REPUBLIKA.CO.ID,JAKARTA -- Insiden Lapas Cebongan, Sleman serta runtutan peristiwa yang melatarbelakanginya dinilai menjadi satu titik untuk memerangi premanisme secara bersama-sama.
"Ini menjadi satu titik yang sangat baik di dalam sejarah kita dimana TNI dan Polri bersama untuk memerangi premanisme," kata pengamat militer LIPI, Ikrar Nusa Bakti, di Warung Daun Cikini, Jakarta, Sabtu (6/4).
Jangan lagi, ujar dia, kedua instistusi negara itu menjadi pelindung dan pendukung premanisme. Karena tidak bisa dipungkiri beberapa kelompok preman seolah-olah didukung oleh kekuatan aparat negara.

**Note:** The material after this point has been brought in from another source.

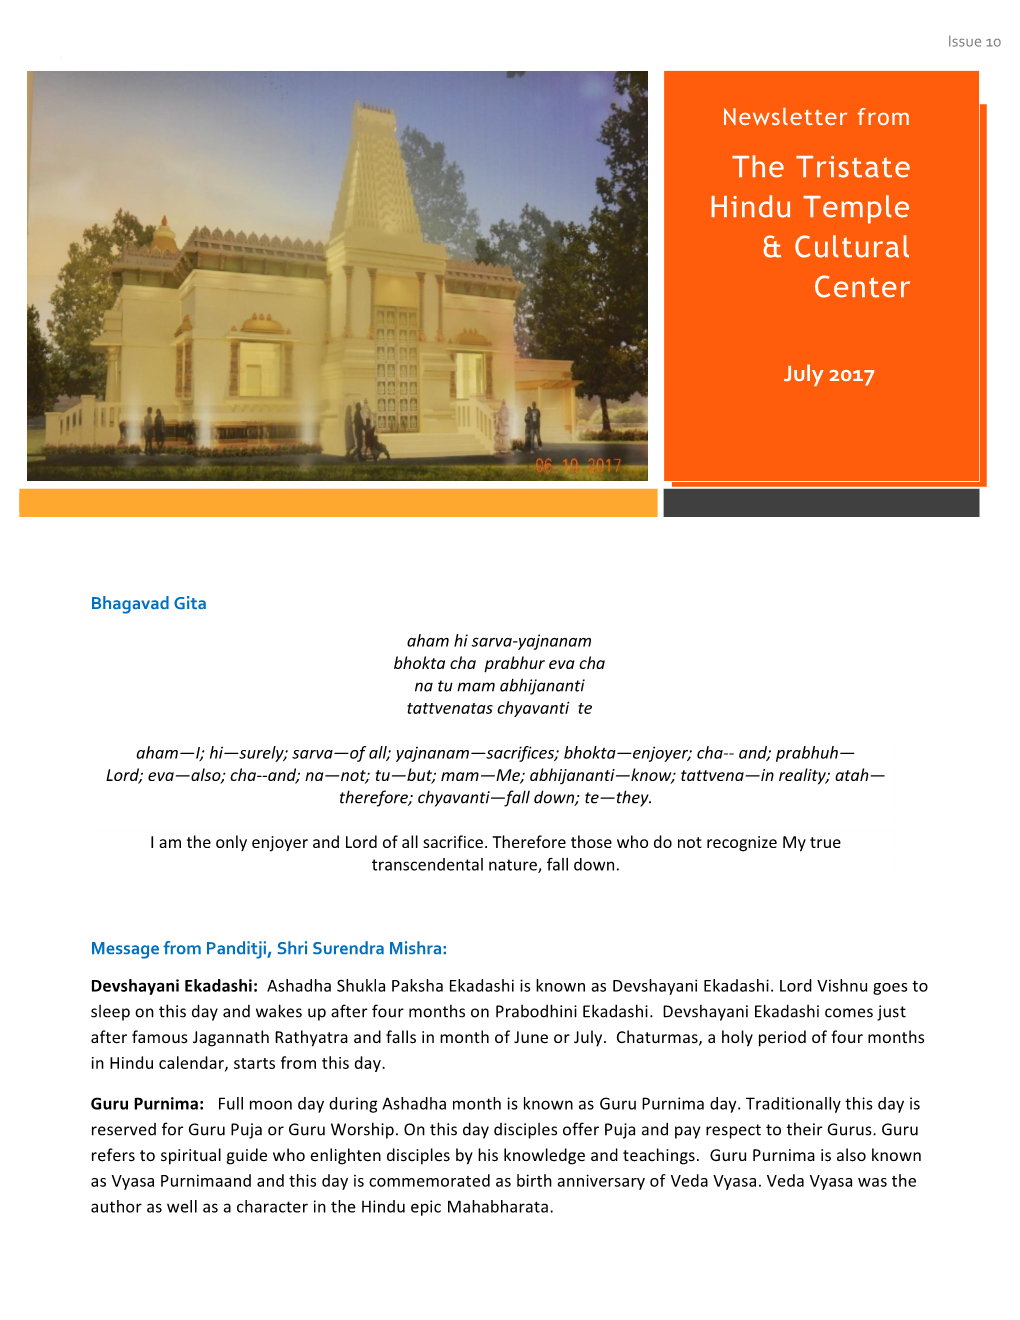 The Tristate Hindu Temple & Cultural Center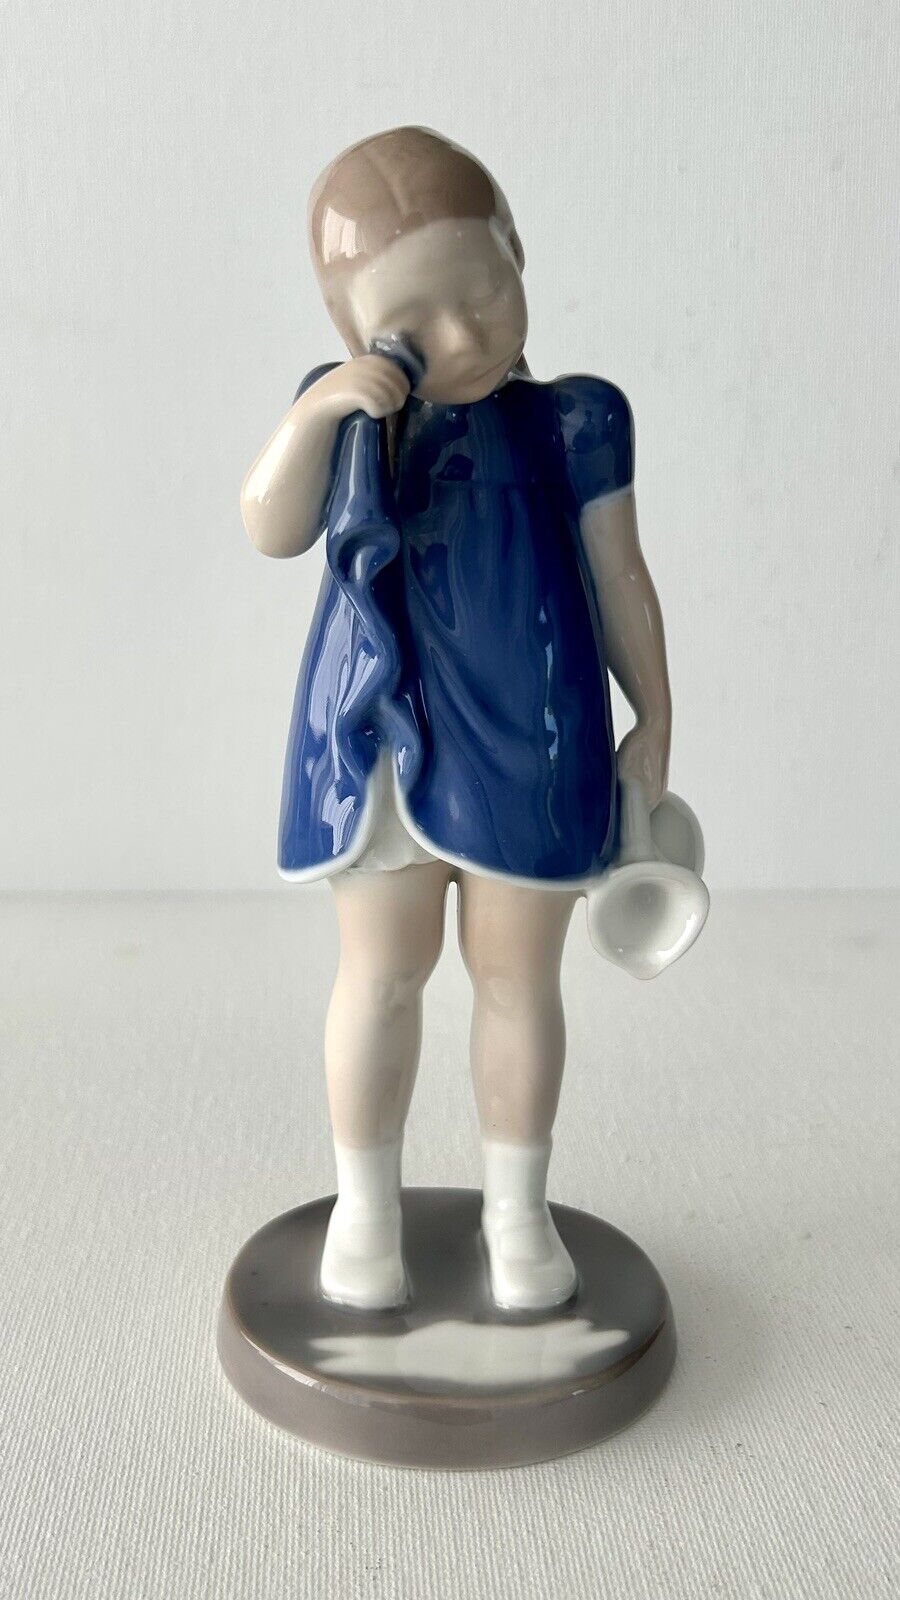 Vintage Bing Grondahl Porcelain Figurine Girl Crying Over Spilt Milk #2246

Pengamanan dari TNI atau Polri terhadap aksi-aksi premanisme dinilaiya tidak hanya merenggut rasa aman dari masyarakat. Tetapi juga melahirkan konflik antara sesama aparat penegak hukum.
Ikrar menambahkan, tentu sangat ironis ketika aparat yang harusnya melindungi dan menjaga stabilitas keamanan. Malah menjadi perusak keamanan itu sendiri. "Masyarakat sudah muak dengan premanisme dan itu memang harus dihabisi. Kegiatan-kegiatan premanisme itu harus dienyahkan dari Indonesia," ungkapnya.
Anggota Komisi III DPR dari Fraksi Hanura, Sarifuddin Sudding mengatakan, memang ada unsur premanisme dari kejadian yang memicu insiden Cebongan. Terbunuhnya prajurit Kopassus, Sertu Santoso di Hugo's Cafe secara sadis, menurutnya berkaitan dengan aksi premanisme. Karena kasus itu diduga dilakukan oknun-oknum yang biasa menjadi 'penguasa' di tempat hiburan tersebut.
"Ini momentum bahwa semuanya harus punya komitmen bersama. Penghapusan premanisme tidak bisa hanya sekedar ucapan atau formalitas saja, rakyat butuh rasa aman," tuturnya.